Beside Venus, Jupiter is one of the two beneficial planets, standing for every possible positives. Being the father of all gods in old Greece (Zeus), he was told to be omniscient, wise and merciful, though he also was the god of thunder and lightning.
In astrology, Jupiter is standing for luck, optimism and abundance, and of course Jupiter is a male planet. He is the ruler of Sagittarius.
Jupiter is traditionally associated to the Emperor, yet in recent times people tend to connect him to the Wheel of Fortune. To me, for unknown reasons...

In Mesopotamian mythology Jupiter was associated with Marduk, the famous patron god of Babylonia. Marduk was the Babylonian main god looking after state and royalty and in extension Jupiter became the planet of the rulers and stayed it ever since.

As mentioned before the Mesopotamian gods can not always clearly be connected to specific planets when their attributions often shift. While Marduk was most prominently linked to Jupiter Mercury was also called 'Star of Marduk' at times and, more seldom, even Mars. The Babylonian 'King Star' could also be Regulus, the brightest star in the constellation of Leo. It just shifted tho and fro, depending on the astronomer at work.

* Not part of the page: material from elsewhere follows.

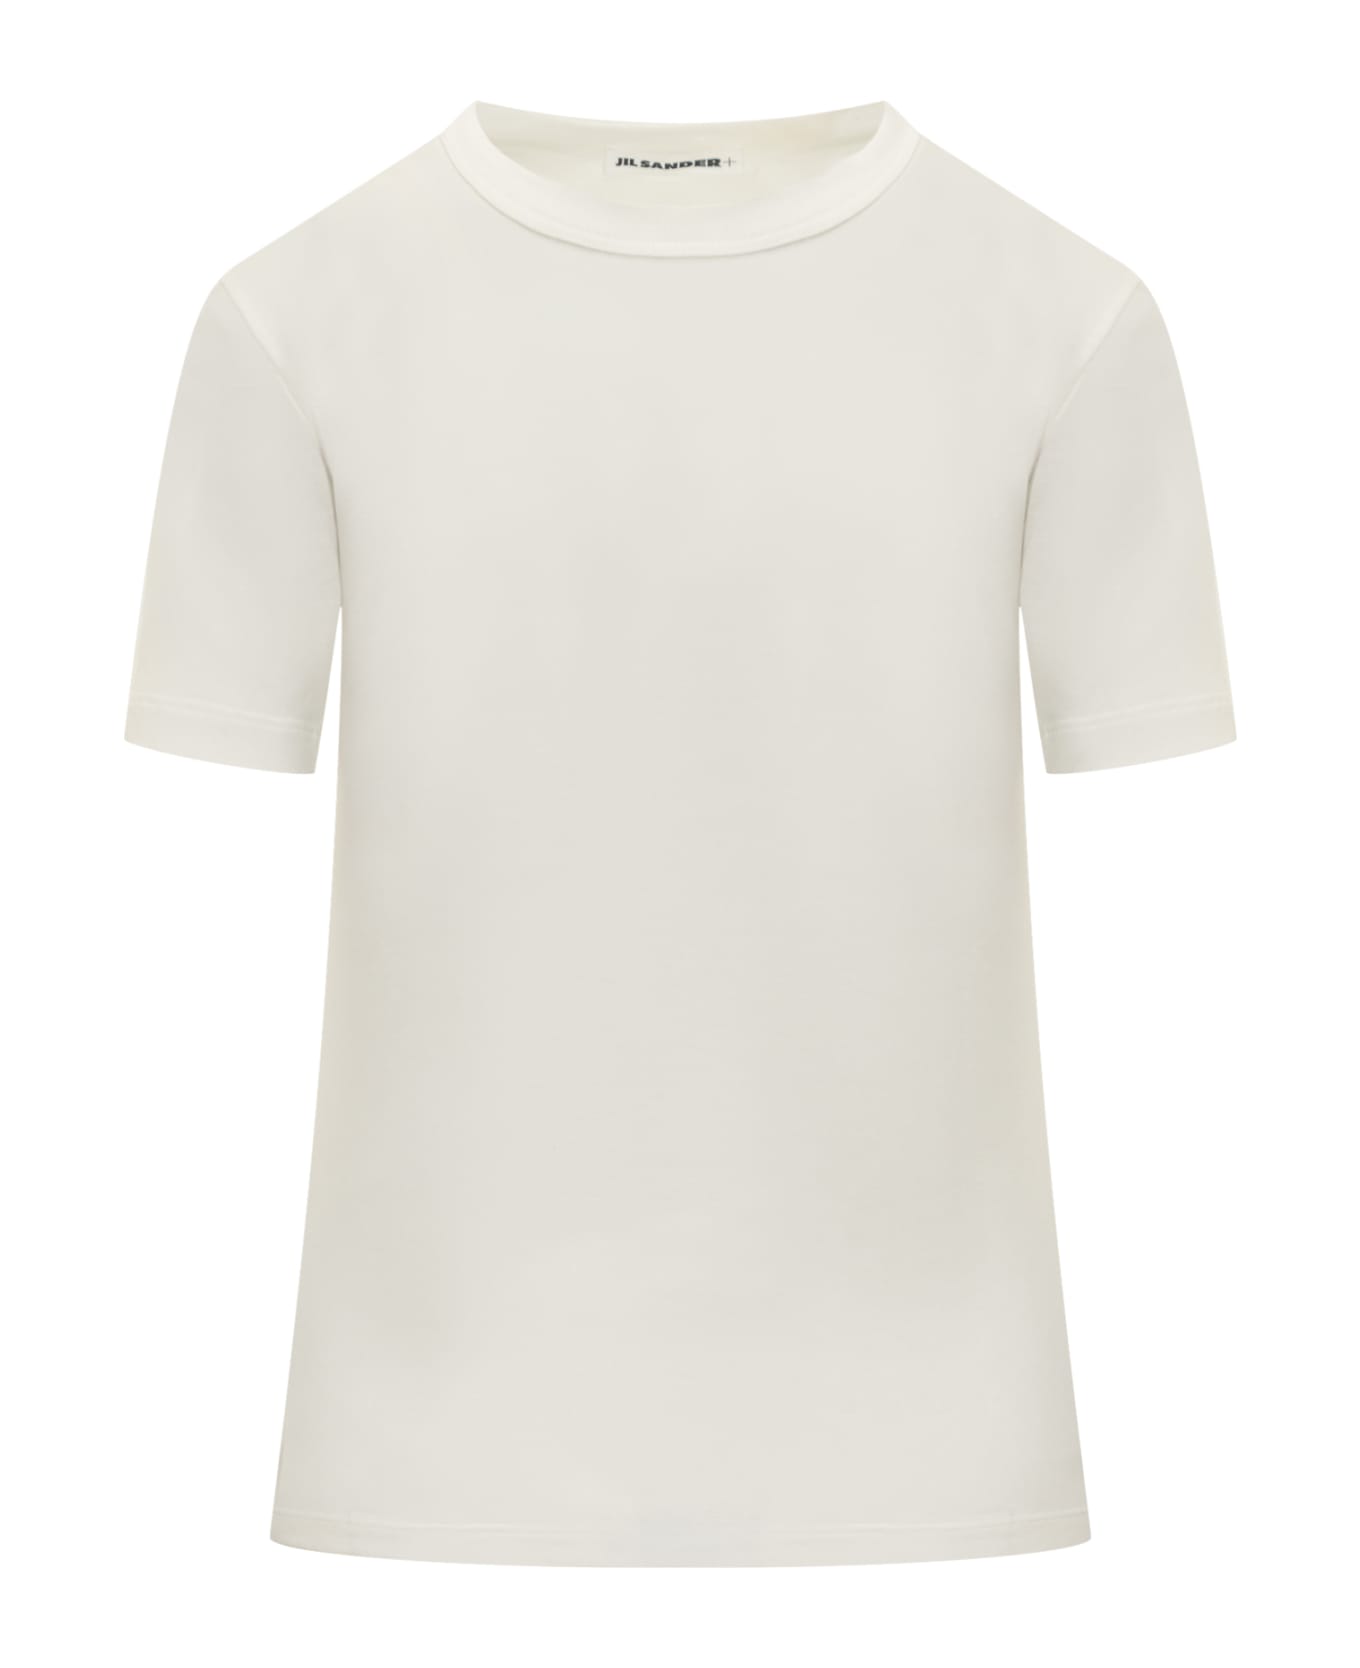 Jil Sander T-shirt - WHITE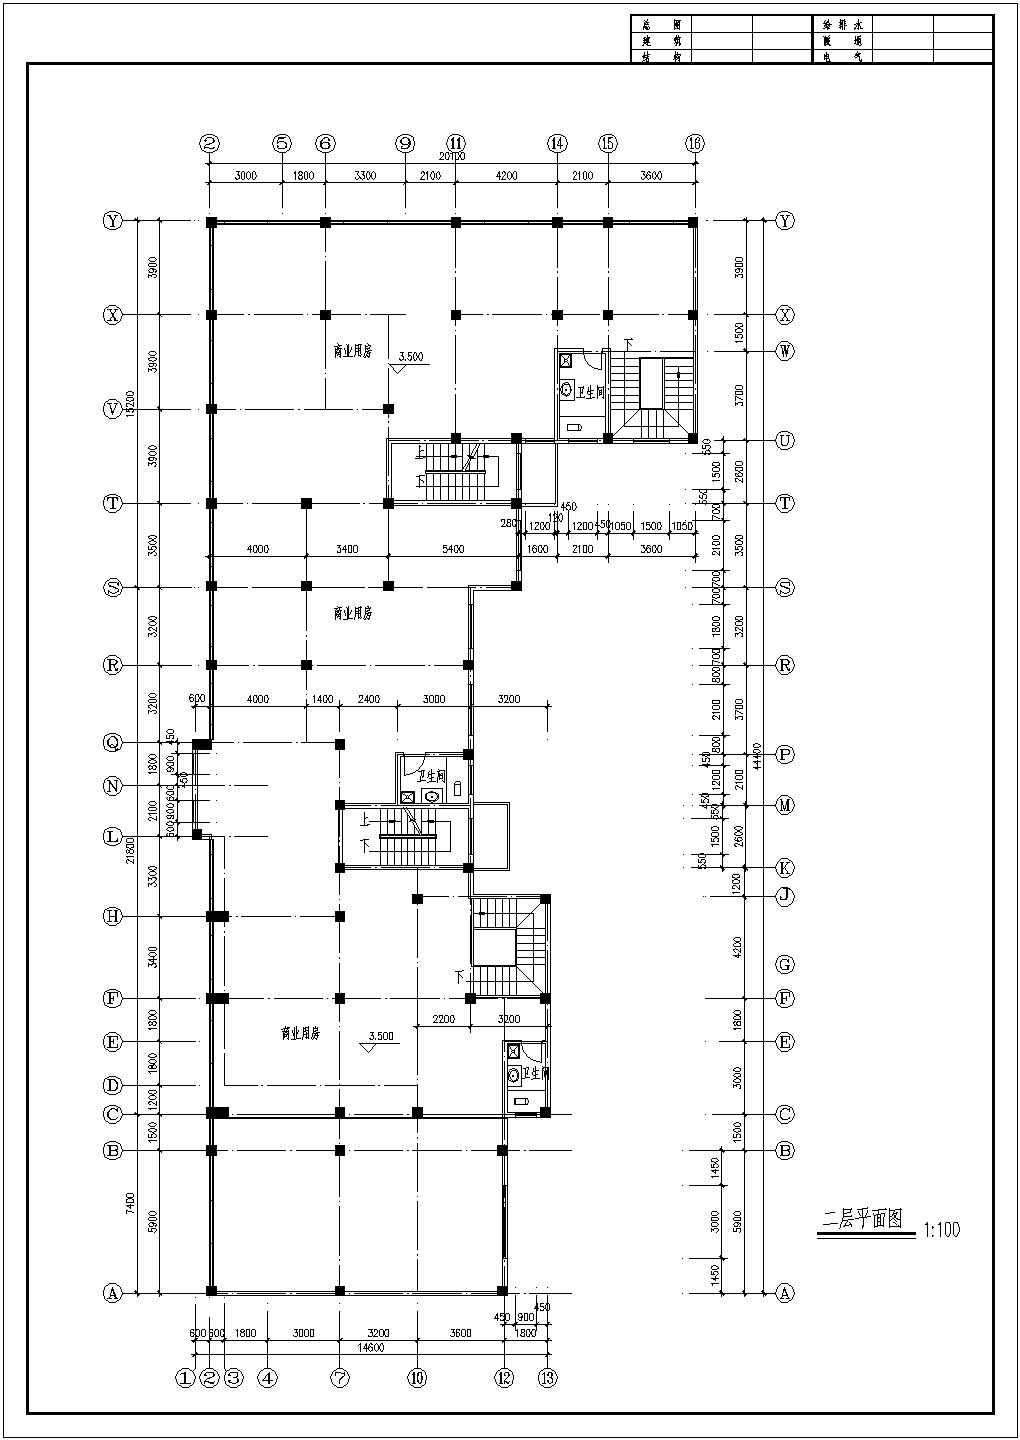 九龙园小区多层住宅楼家装施工设计cad图纸(含复式底层平面图)

What stayed in all the 'Jupiter representatives' among the gods was not only the royal attitude but a creation myth with striking resemblances.

Marduk
Marduk

In the Mesopotamian myth the first generation of gods were created by the ur-god Apsu (depicted as a primeval deity made of fresh water) and the ur-godess Tiamat (a primeval deity made of salt water and the embodiment of primordeal chaos), and one day Apsu got so upset by the descendants of his creation that he decides to destroy them all. The god Ea got knowledge about the sinister plan and killed Apsu, provoking a furious Tiamat to go on the war path. Tiamat turned out to be a horrible warrior who had a legion of monsters at her hand and the gods seemed doomed. Marduk promised to save them if they would make him King of the gods and when they agreed, he succeeded in destroying Tiamat by splitting her body in half and creating heaven and earth from it.

This is very similar to the Greek myth in which Zeus fought against his father Cronos (who had the habit of eating his children) and later the monsters sent by an upset Gaia.
(... with the difference that Marduk first created the human world while Zeus destroyed the proverbial Golden Age out of anger over Prometheus - thus a nice aspect of the evils of power abuse).

The Roman Jupiter was but another version of the Greek Zeus with no remarkable difference.